In some form or fashion, law students learn that the words “reasonable man” denote a person exercising those qualities of attention, knowledge, intelligence and judgment which society requires of its members for the protection of their own interests and the interests of others.i Sometimes this person (a hypothetical reasonable man) is called a reasonable man of ordinary prudence, or an ordinarily prudent man, or a man of average prudence, or a man of reasonable sense exercising ordinary care. The actor is required to do what this ideal individual would do in his place. The reasonable man is a fictitious person who is never negligent and whose conduct is always up to standard. The concept of the reasonable person appears many times over in civil rights case law. Objective reasonableness in the context of civil rights law under 42 U.S.C. § 1983ii means that a governmental official will not be immune from suit if, on an objective basis, it is obvious that no reasonably competent official would have concluded that the action was lawful. The Supreme Court of the United States recently added "Hernandez v. Mesa," a case involving the issues of objective reasonableness and qualified immunity, to its oral argument calendar for the current term.

QUALIFIED IMMUNITY

Qualified immunity is available as an affirmative defense and places a limitation on liability under section 1983. The immunity is a judge-made doctrine that aims to balance “the need to hold public officials accountable when they exercise power irresponsibly and the need to shield officials from harassment, distraction, and liability when they perform their duties reasonably.”iii Government officials performing discretionary functions generally are shielded from liability for civil damages insofar as their conduct does not violate clearly established statutory or constitutional rights of which a reasonable person would have known.iv A right is clearly established only where “it would be clear to a reasonable officer that his conduct was unlawful in the situation he confronted.”v The Supreme Court of the United States has explained that reliance on the objective reasonableness of an official’s conduct, as measured by reference to clearly established law should avoid excessive disruption of government and permit the resolution of many insubstantial claims on summary judgment.vi Thus, qualified immunity shields the reasonable person—in this case, a government official performing a discretionary function.
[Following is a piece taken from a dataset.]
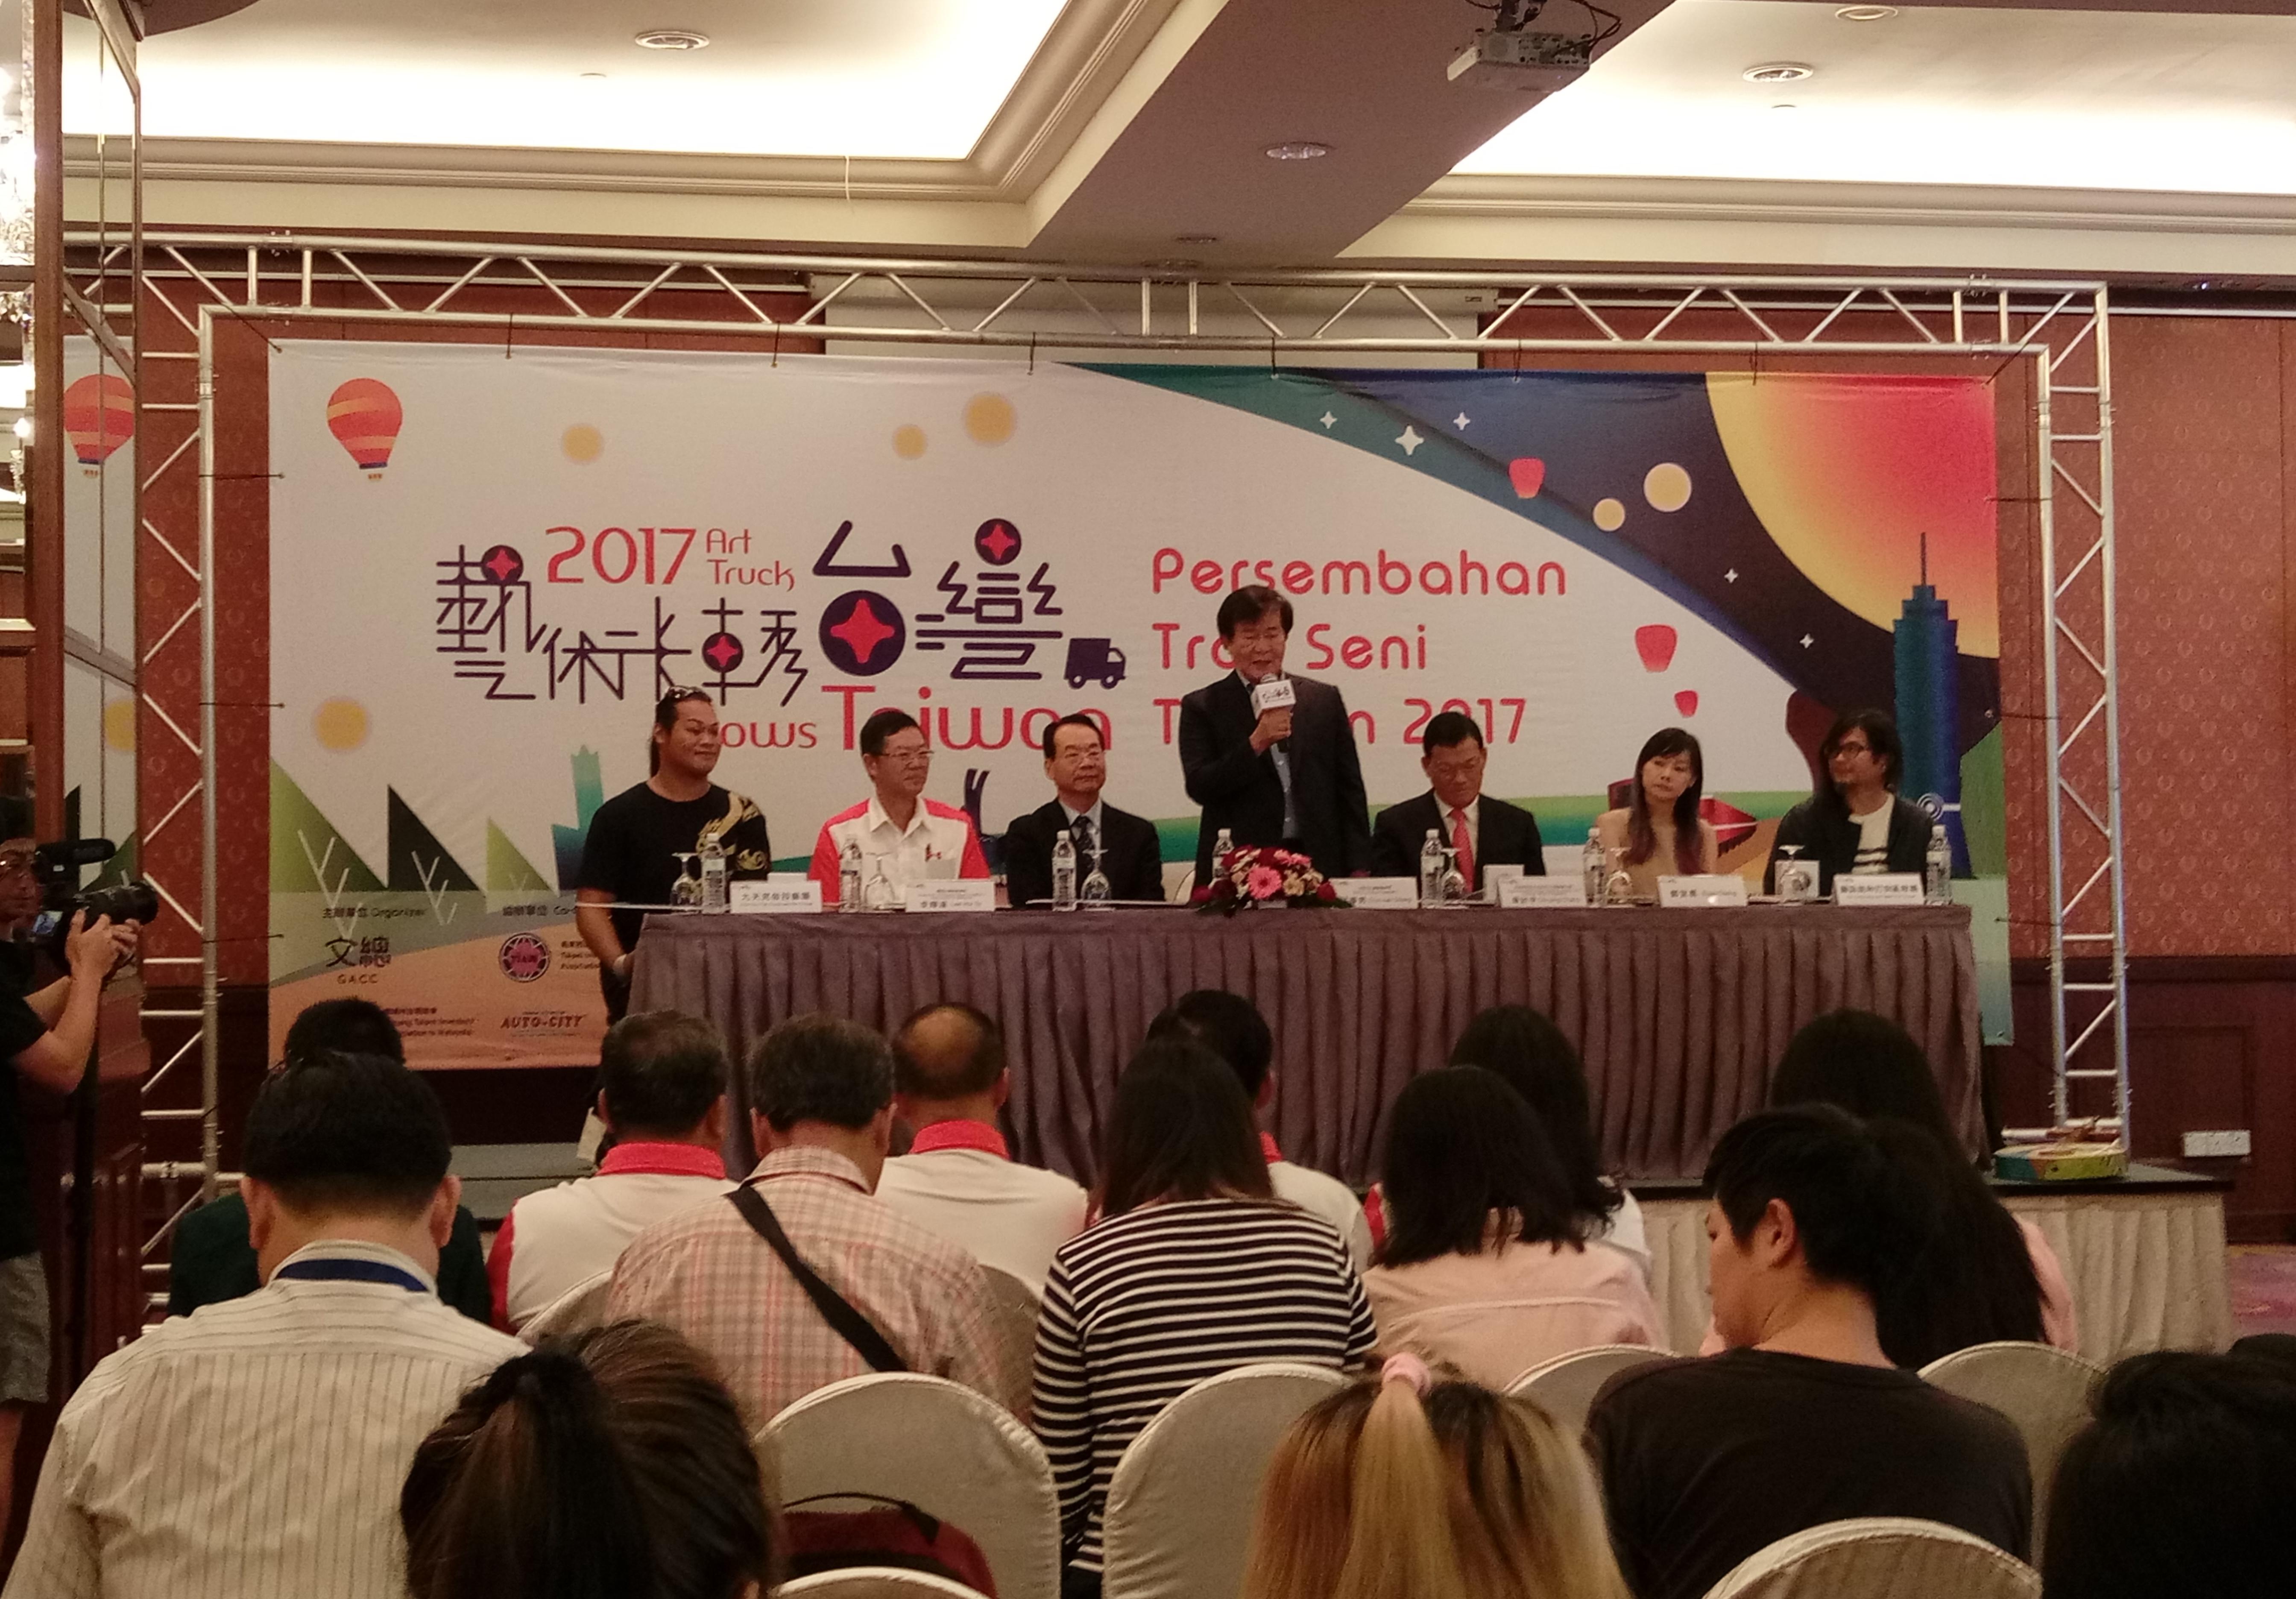 Persidangan media “Persembahan Trak Seni Taiwan 2017” di Pulau Pinang pada 21 September 2017

In "Saucier v. Katz," the Supreme Court mandated a two-step sequence for resolving government officials’ qualified immunity claims.vii The court must decide whether the facts as alleged make out a violation of a constitutional right. In some cases, the ruling on this first question may end the legal inquiry, for “[i]f no constitutional right would have been violated were the [factual] allegations established, there is no necessity for further inquiries concerning qualified immunity.”viii If the aggrieved party satisfies the first question, the court must decide whether the right at issue was “clearly established [such] that the officer’s conduct was unlawful in the circumstances of this case” at the time of the defendant’s alleged misconduct.ix  In other words, qualified immunity is applicable unless the official’s conduct violated a clearly established constitutional right.x In "Pearson v. Callahan," the Supreme Court further held that following the two-step test under Saucier in sequence would no longer be mandatory and that courts should “be permitted to exercise their sound discretion in deciding which of the two prongs of the qualified immunity analysis should be addressed first in light of the circumstances of the case at hand.”xi

THE CASE OF HERNANDEZ V. MESA

In "Hernandez," the Supreme Court will consider whether, as the Petitioners frame the issue, a US Border Patrol agent is entitled to qualified immunity because he did not know at the time of the shooting that the victim was not a U.S. citizen. One of the issues at stake in Hernandez begs the question: how can a government official establish that he acted reasonably and justify his actions in light of facts that he did not know at the time he acted?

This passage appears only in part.